Donna pointed out the table beside which they stood. "Put the mattress there, Cliff. Jack, we didn't bring the sheets. Take one of the lanterns and go back for them. There are two blankets in the locker. It seems to me that it's cold in here. Bring them, too."
Jack looked down at his wife as if he might be going to refuse.
"You go, like she says, Jack. You get those things," she whispered.
When he had closed the big doors behind him, she gasped out a fresh fear. "You—can't see— in here. I can't have my baby in the dark. I can't."
Donna tried a laugh and was astounded that it sounded as natural as it did. "Babies don't care whether it's dark or light, Missy.
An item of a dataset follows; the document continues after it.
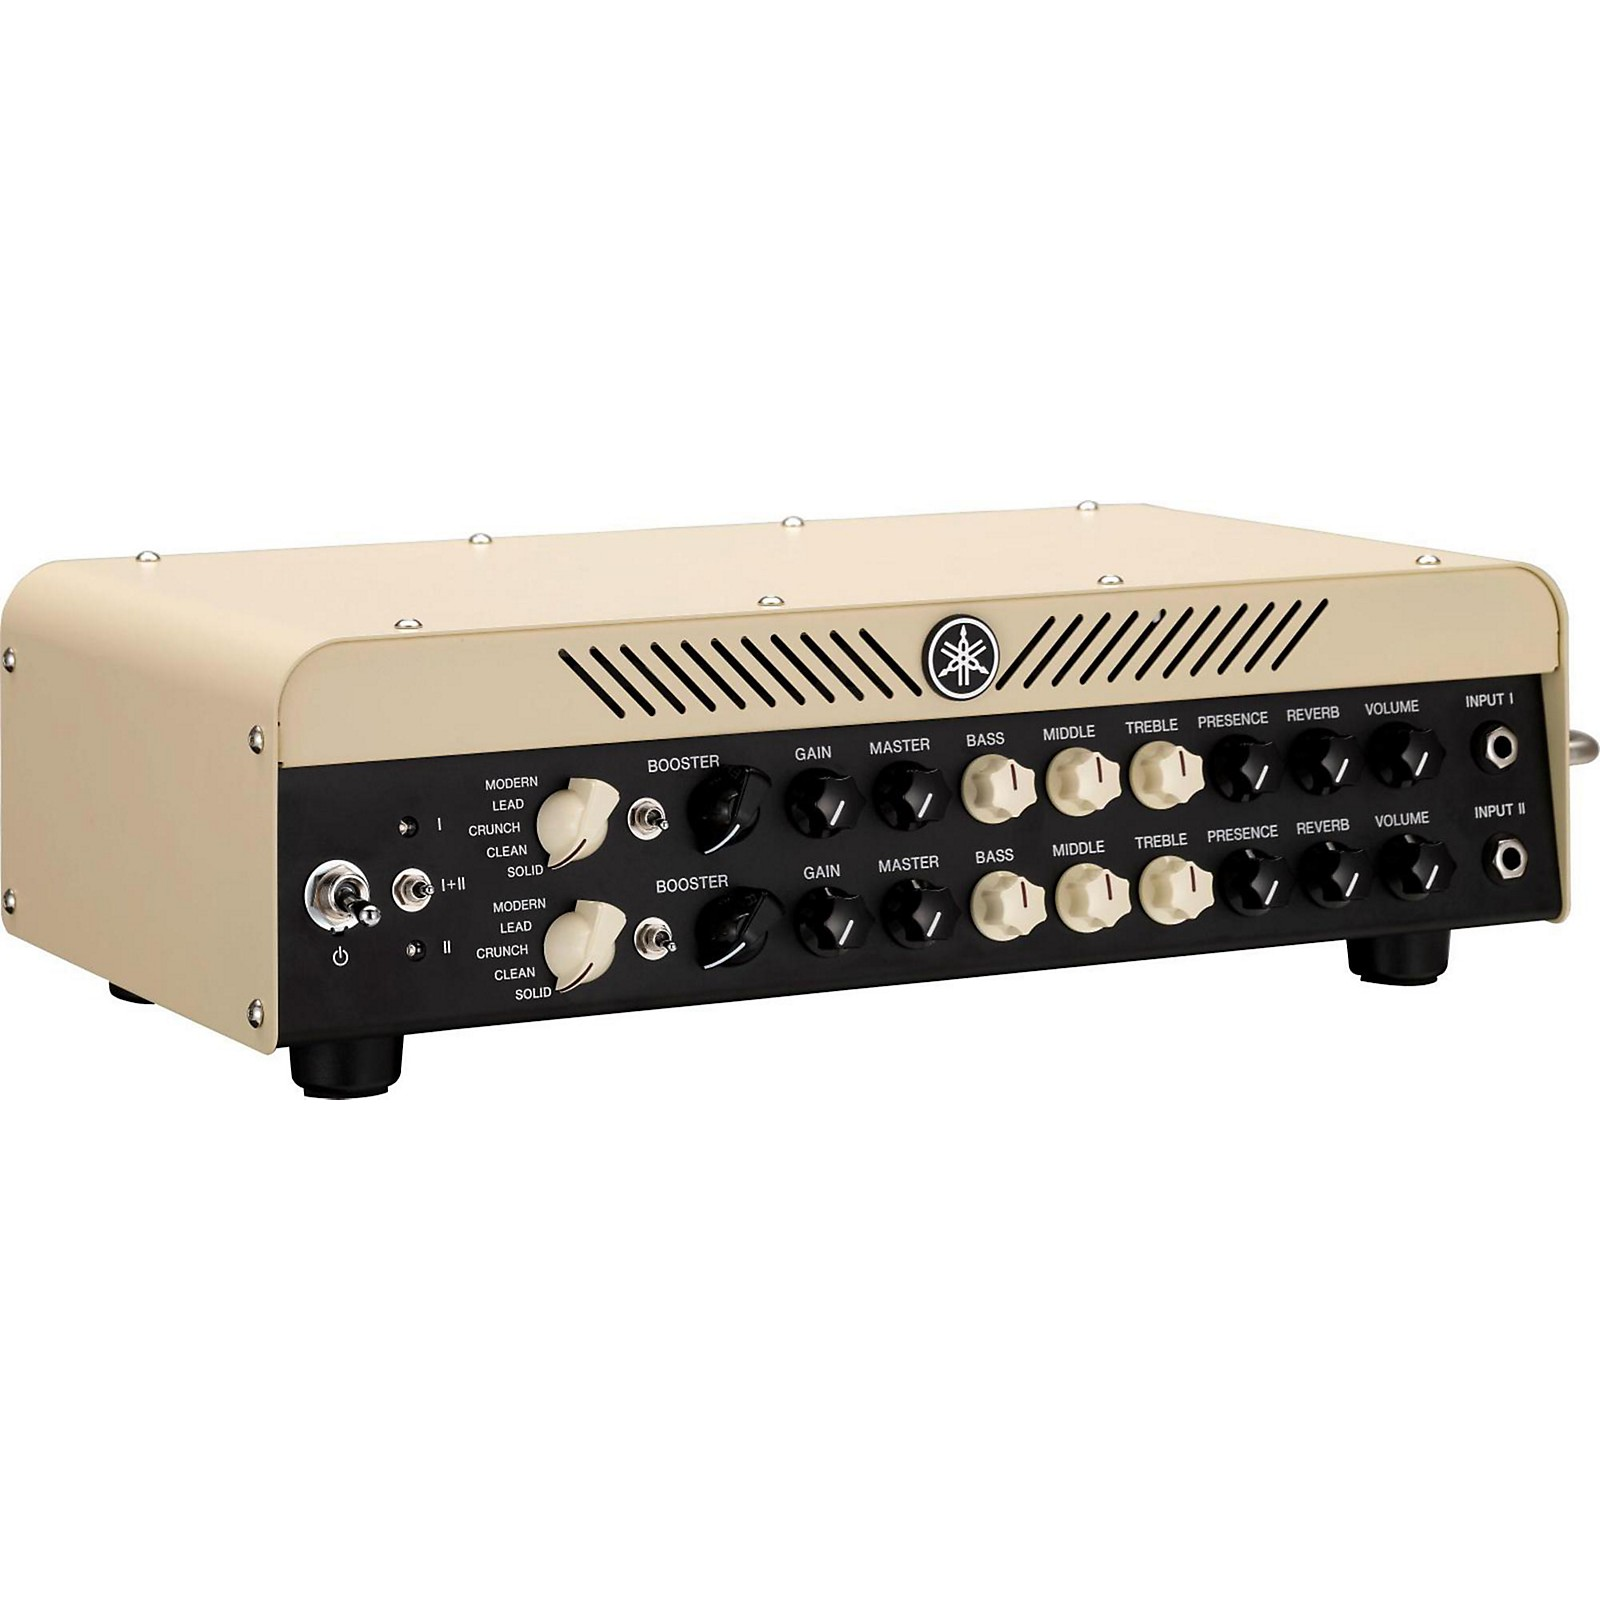 Yamaha THR100HD 100W Modeling Guitar Amp Head

We'll put both lanterns up close to welcome the little stranger. We have light enough. You'll see."
Hank offered his lantern to Donna. "I have an idea. I'll be back in a bit. You keep a stiff upper lip, Mrs. Hartson. We're going to see you through."
Melissa bent over and covered her face with her hands. She seemed not to be conscious of either of those who remained. The groan that broke from her became a scream that tore at her throat.
"There isn't any ether, is there?" Cliff asked in a shaken voice.
Donna shook her head. "I'd be scared to use it, even if we had it. I've given ether under direction, but I'm certainly not an anesthetist, and I don't know anything about her heart or—or anything. We're just going to have to stick it out, no matter how hard it gets."
His long hands were fists. "I'm not going to 'just stick it out.'" he said. "I'm going to do something. I'll be back as quickly as I can. Jack will be along any minute. You'll be all right?"
Donna nodded, fighting off the desire to cling to his arm, to beg him not to leave her alone with the responsibility that was hers. He went out, and she put her whole weight against the door and fastened it. She felt utterly bereft.